Explosion des actes antimusulmans et des actes antisémites qui restent à un niveau historique : quand la haine se banalise !

En 2025, 2489 actes antireligieux ont été recensés par le ministère de l’Intérieur. Derrière ce bilan qui montre que ce nombre d’actes se maintient à un niveau historiquement élevé, il y a la réalité des personnes, des groupes et des lieux communautaires visés.

La hausse spectaculaire des actes islamophobes constitue l’un des signaux les plus alarmants de ce rapport. En 2025, les actes antimusulmans ont augmenté de 88 %, pour atteindre 326 faits enregistrés.

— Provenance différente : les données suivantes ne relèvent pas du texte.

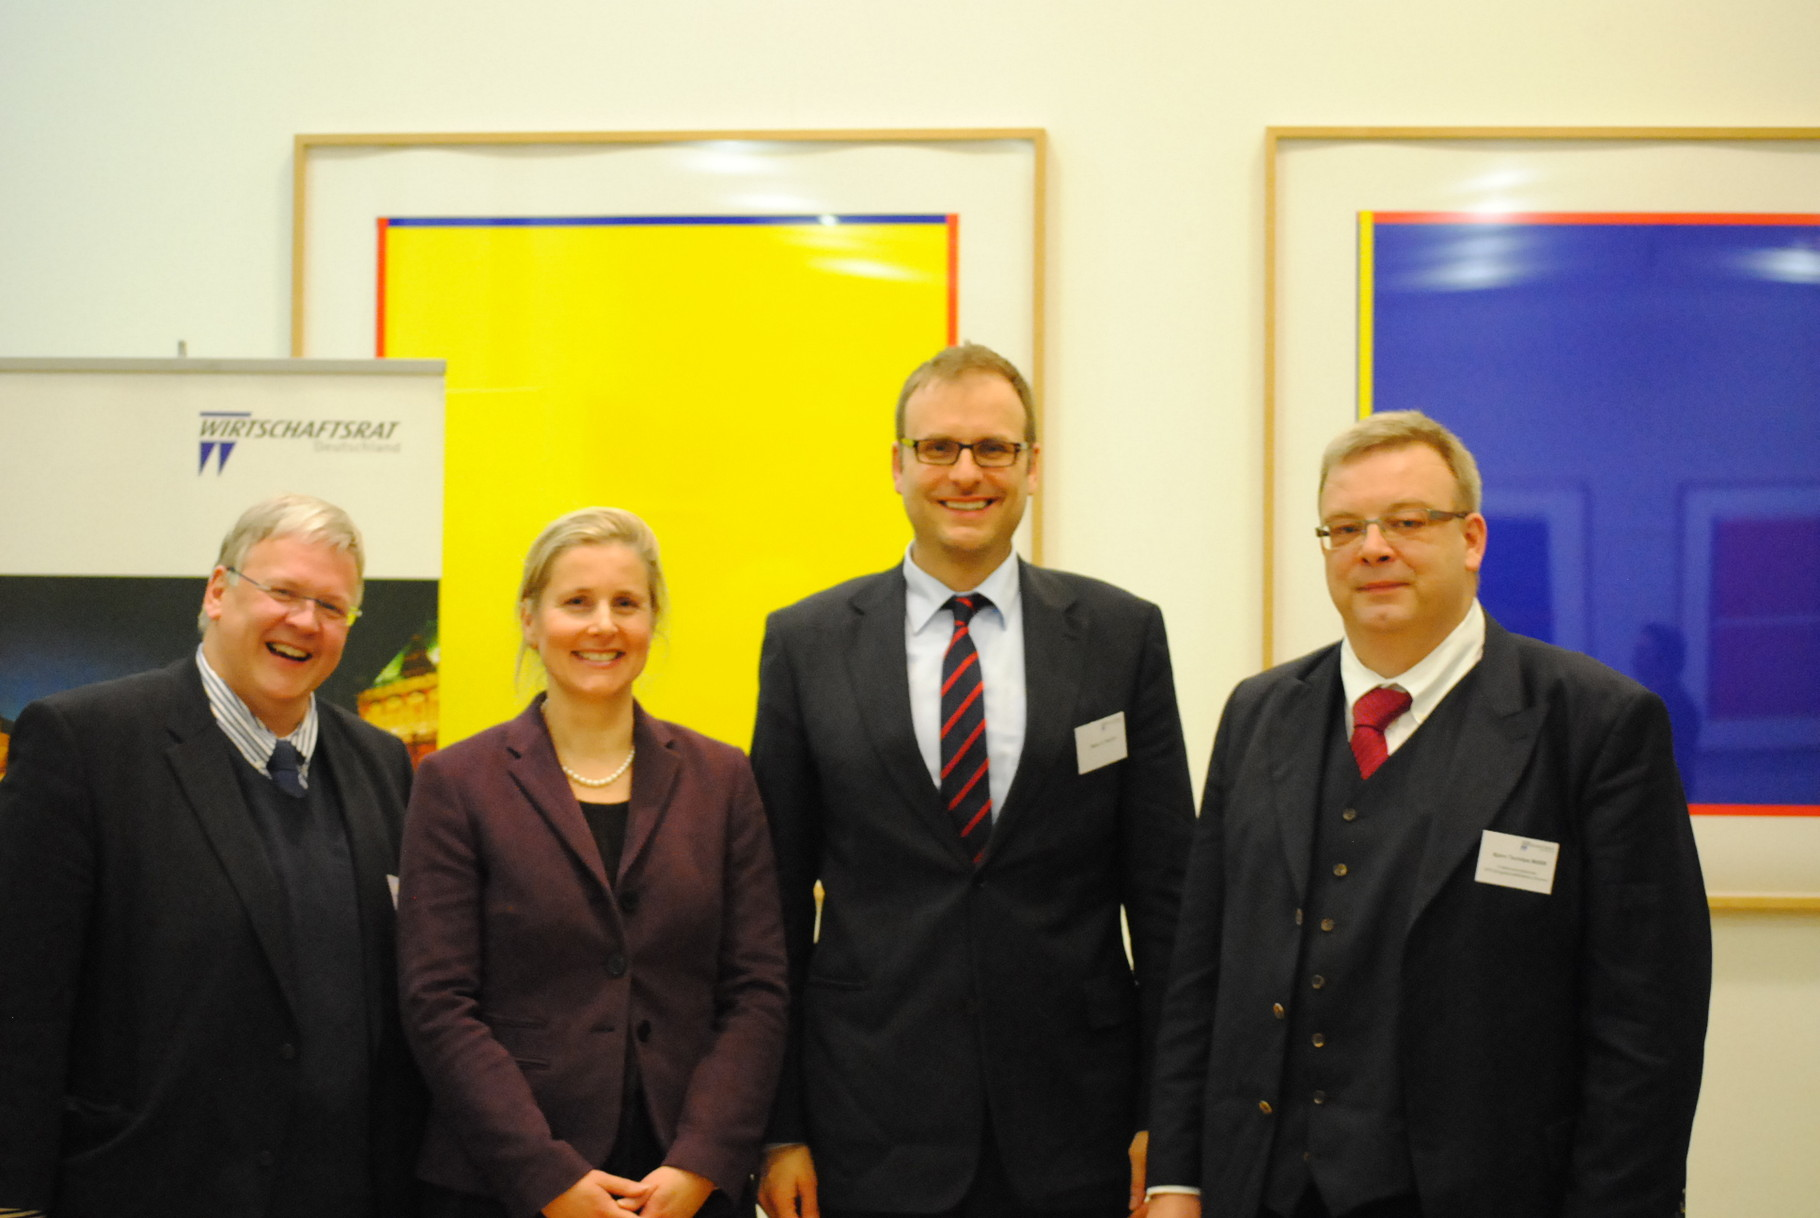 Bausenator a.d. Jens Eckhoff, Wirtschaftsratsvorsitzende Imke Goller Wilberg und SPD-Fraktionschef Björn Tschöpe

L’année 2025 a par ailleurs été marquée par des meurtres racistes : Aboubakar Cissé a ainsi été assassiné dans la mosquée de La Grand-Combe tandis qu’Hichem Moraoui, frappé par une haine des Arabes, des immigrés et des musulmans, a été abattu à Puget-sur-Argens par un admirateur du RN.

Si les actes antisémites enregistrent une baisse relative de 16 % pour s’établir à 1320 faits, leur nombre se maintient à un niveau historiquement élevé et représentent toujours plus de la moitié des actes antireligieux (53 %). A l’image des actes qui frappent les musulmans, l’essentiel des actes antisémites sont des atteintes aux personnes, telles que des agressions physiques.

Ces données ne peuvent être dissociées du contexte politique et médiatique actuel. Elles sont le symptôme d’un climat national dans lequel les discours de haine, de stigmatisation et de désignation de boucs émissaires se banalisent. À force d’attiser les peurs et d’alimenter les haines dans l’espace public, certains responsables politiques et médiatiques contribuent directement à créer les conditions du passage à l’acte.

Face à la haine, les luttes doivent être menées de front, à rebours de la logique à l’œuvre dans une partie des champs médiatique et politique : celle de la mise en opposition et en concurrence des luttes contre le racisme, l’antisémitisme ou l’islamophobie.

La lutte contre les haines ne peut être un vaste marché où tel ou tel démagogue irait faire ses courses à la recherche effrénée de postures affectées, de clientèles électorales ou de boucs émissaires.

La progression de la haine n’est pas une fatalité. Elle est le symptôme de renoncements et de stratégies hasardeuses.

SOS Racisme appelle les pouvoirs publics et les responsables politiques à prendre et à respecter des engagements clairs, immédiats et cohérents pour combattre les discours et les actes racistes, antisémites et islamophobes ainsi que toutes les formes de discriminations. C’est à ce prix que la haine pourra être reléguée et que les principes d’égalité et de fraternité, si essentiels à l’effectivité de la promesse républicaine, pourront se déployer.